Ingredients
-
1 red onion, sliced thin
-
3 habanero peppers, sliced
-
10 limes, juiced
-
salt, to taste
-
3 ounces dried guajillo chile peppers, seeded and deveined
-
1 tablespoon vegetable oil
-
salt and pepper, to taste
-
3 pounds boneless pork shoulder, cut into 1-inch cubes
-
3 cups fresh orange juice
-
1 cup white vinegar
-
1 bulb garlic, peeled
-
7.5 ounces achiote paste
Directions
-
Combine onion, habanero peppers, lime juice, and salt in a bowl; cover and refrigerate while preparing and cooking pork. Use rubber gloves when preparing habanero peppers and avoid touching your eyes, nose, or skin while slicing peppers.
-
Place guajillo peppers in a bowl; pour enough hot water over peppers to cover. Allow to soak until peppers are softened, about 10 minutes.
-
Heat oil in a large skillet at medium-high heat. Season pork with salt and pepper; cook in hot oil until completely browned, 15 to 20 minutes. Transfer pork to a slow cooker.
-
Combine guajillo peppers, orange juice, vinegar, garlic, and achiote paste in a blender; blend until smooth.
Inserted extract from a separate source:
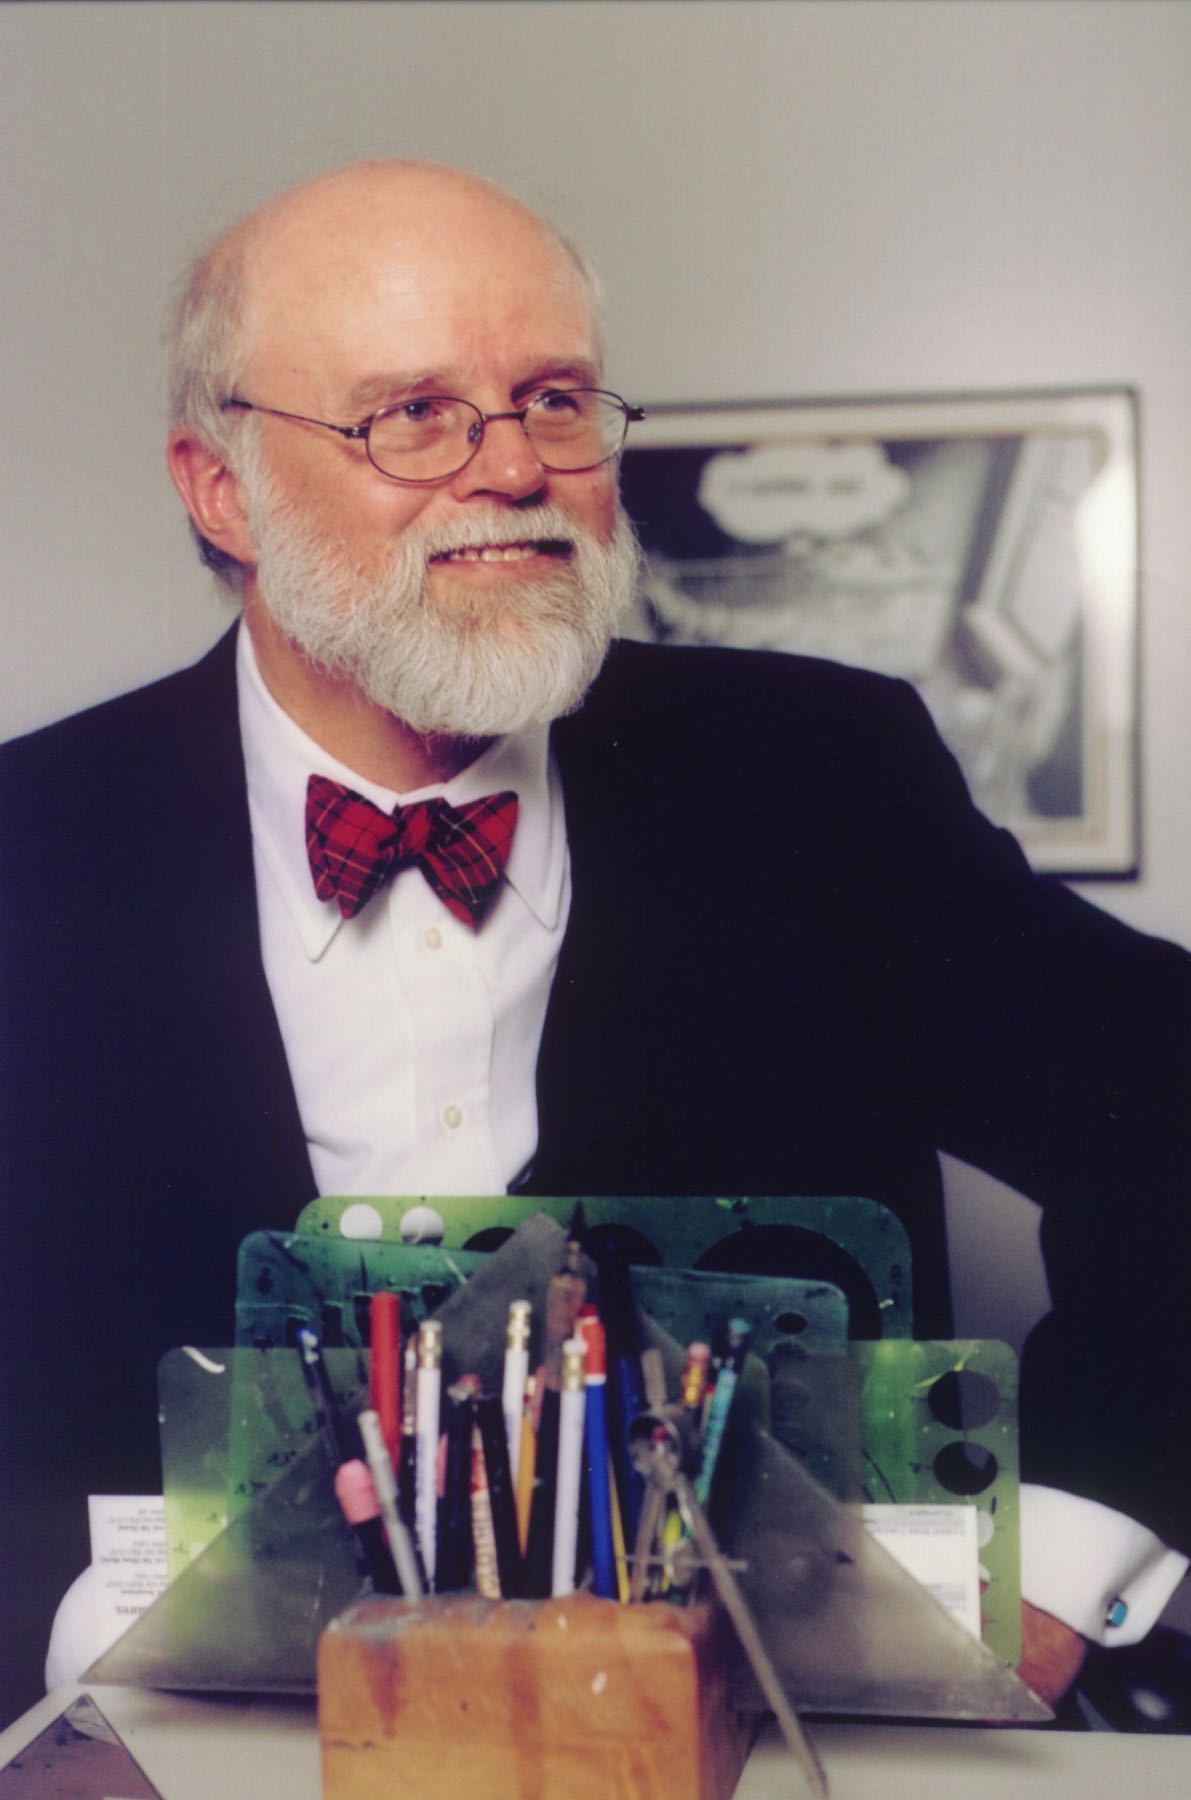 Ben Sargent, a bald, older white man with a bushy white beard is dressed in a suit and red bowtie, with his artistic tools, including pens, in front of him.
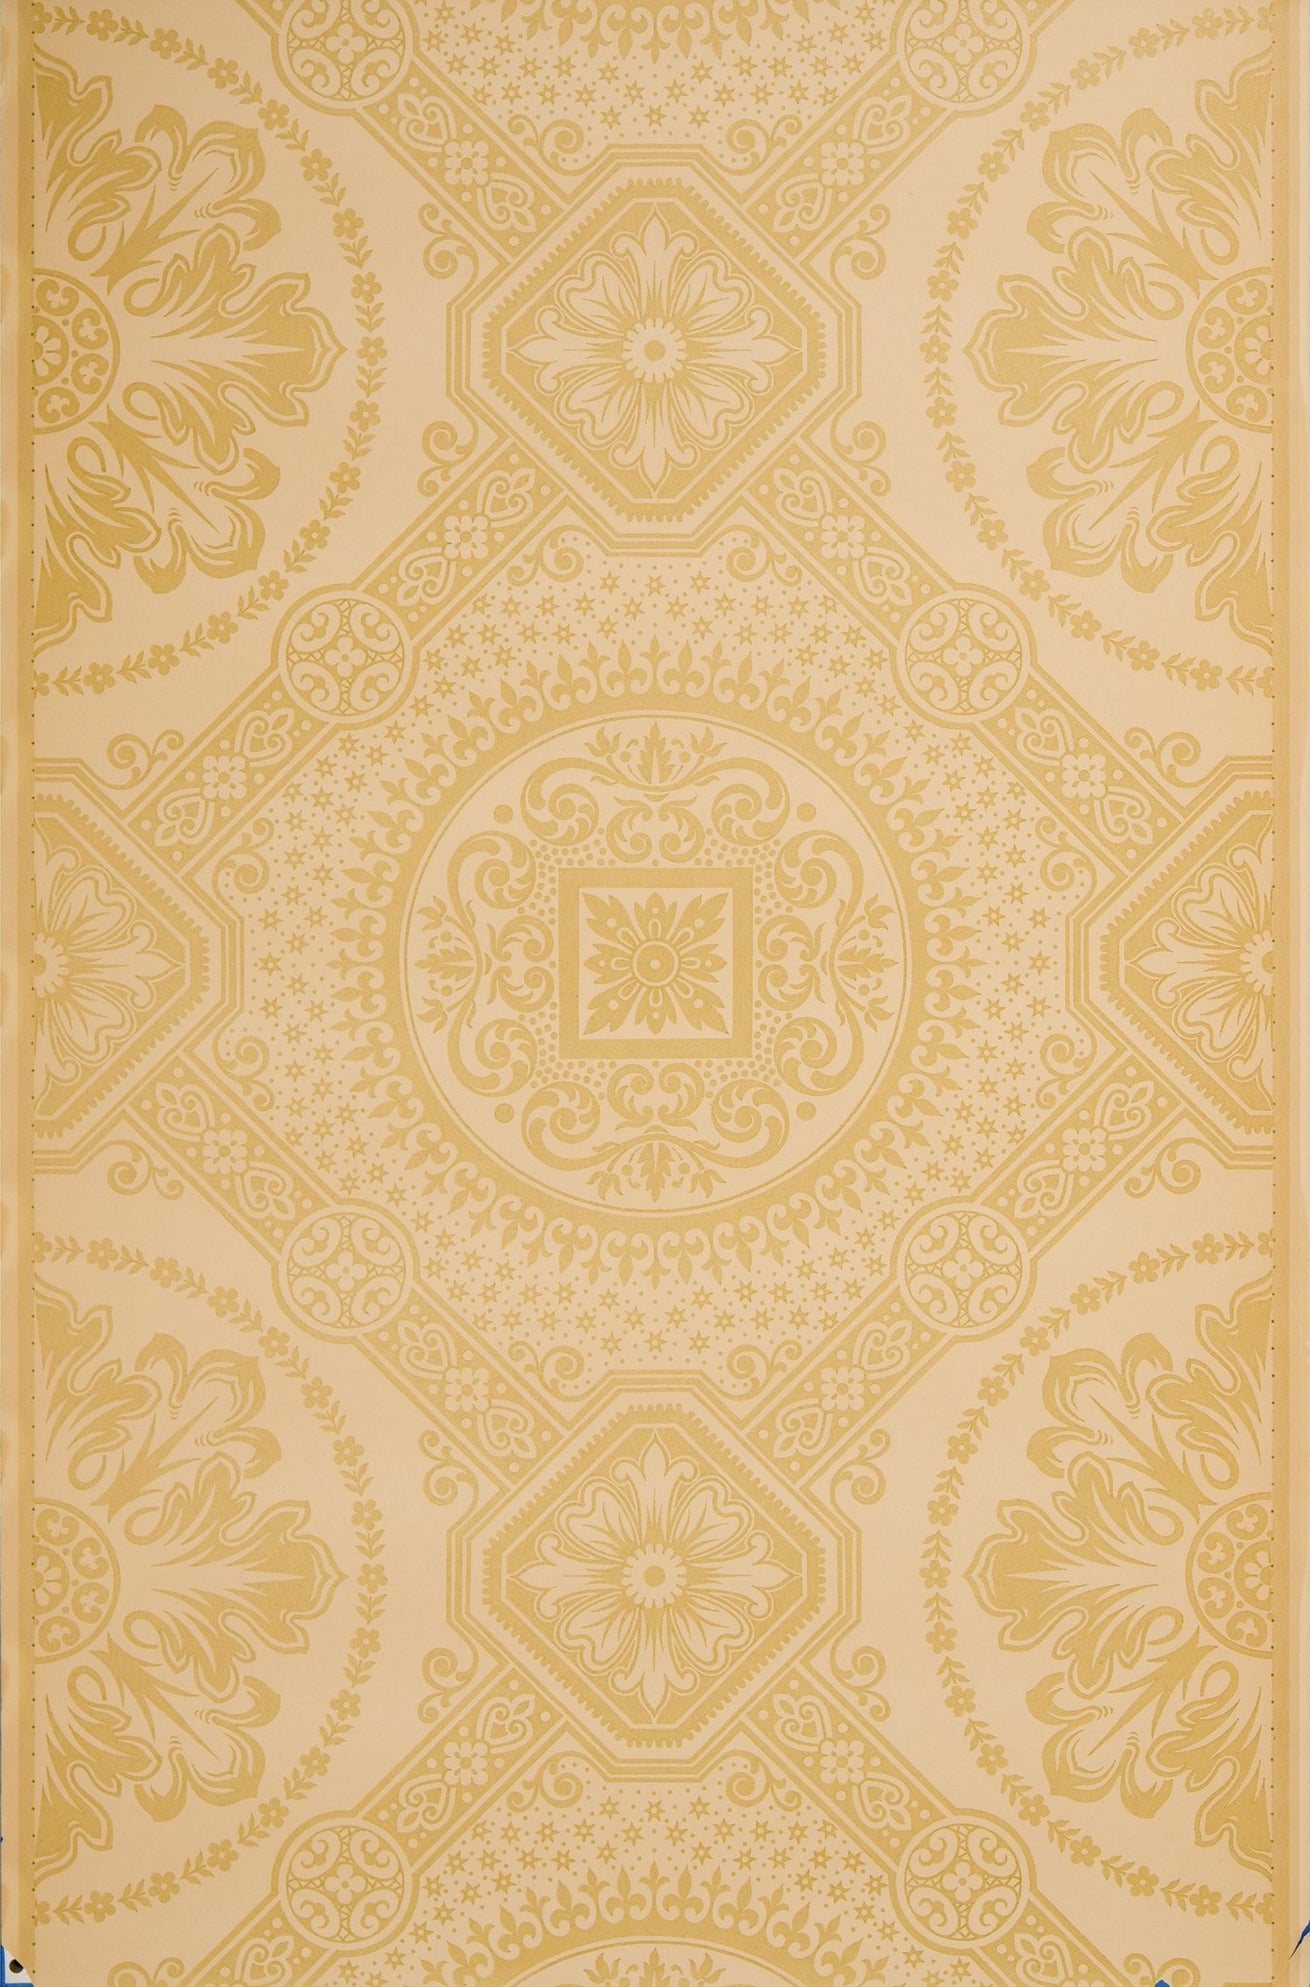 Large-Scale Grid with Foliate Circles - Antique Wallpaper Remnant

Pour sauce over pork cubes in the slow cooker.
-
Cook on High until pork easily falls apart, 6 to 8 hours. Remove pork to a serving dish and shred with 2 forks. Pour achiote sauce over shredded pork. To serve, top with the onion-habanero salsa.
Nutrition Facts (per serving)
468 | Calories |
25g | Fat |
40g | Carbs |
27g | Protein |
Nutrition Facts | |
---|---|
Servings Per Recipe 6 | |
Calories 468 | |
% Daily Value * | |
Total Fat 25g | 32% |
Saturated Fat 8g | 42% |
Cholesterol 89mg | 30% |
Sodium 369mg | 16% |
Total Carbohydrate 40g | 14% |
Dietary Fiber 8g | 29% |
Total Sugars 13g | |
Protein 27g | 54% |
Vitamin C 105mg | 117% |
Calcium 102mg | 8% |
Iron 3mg | 18% |
Potassium 1027mg | 22% |
* Percent Daily Values are based on a 2,000 calorie diet. Your daily values may be higher or lower depending on your calorie needs.
** Nutrient information is not available for all ingredients. Amount is based on available nutrient data.
(-) Information is not currently available for this nutrient. If you are following a medically restrictive diet, please consult your doctor or registered dietitian before preparing this recipe for personal consumption.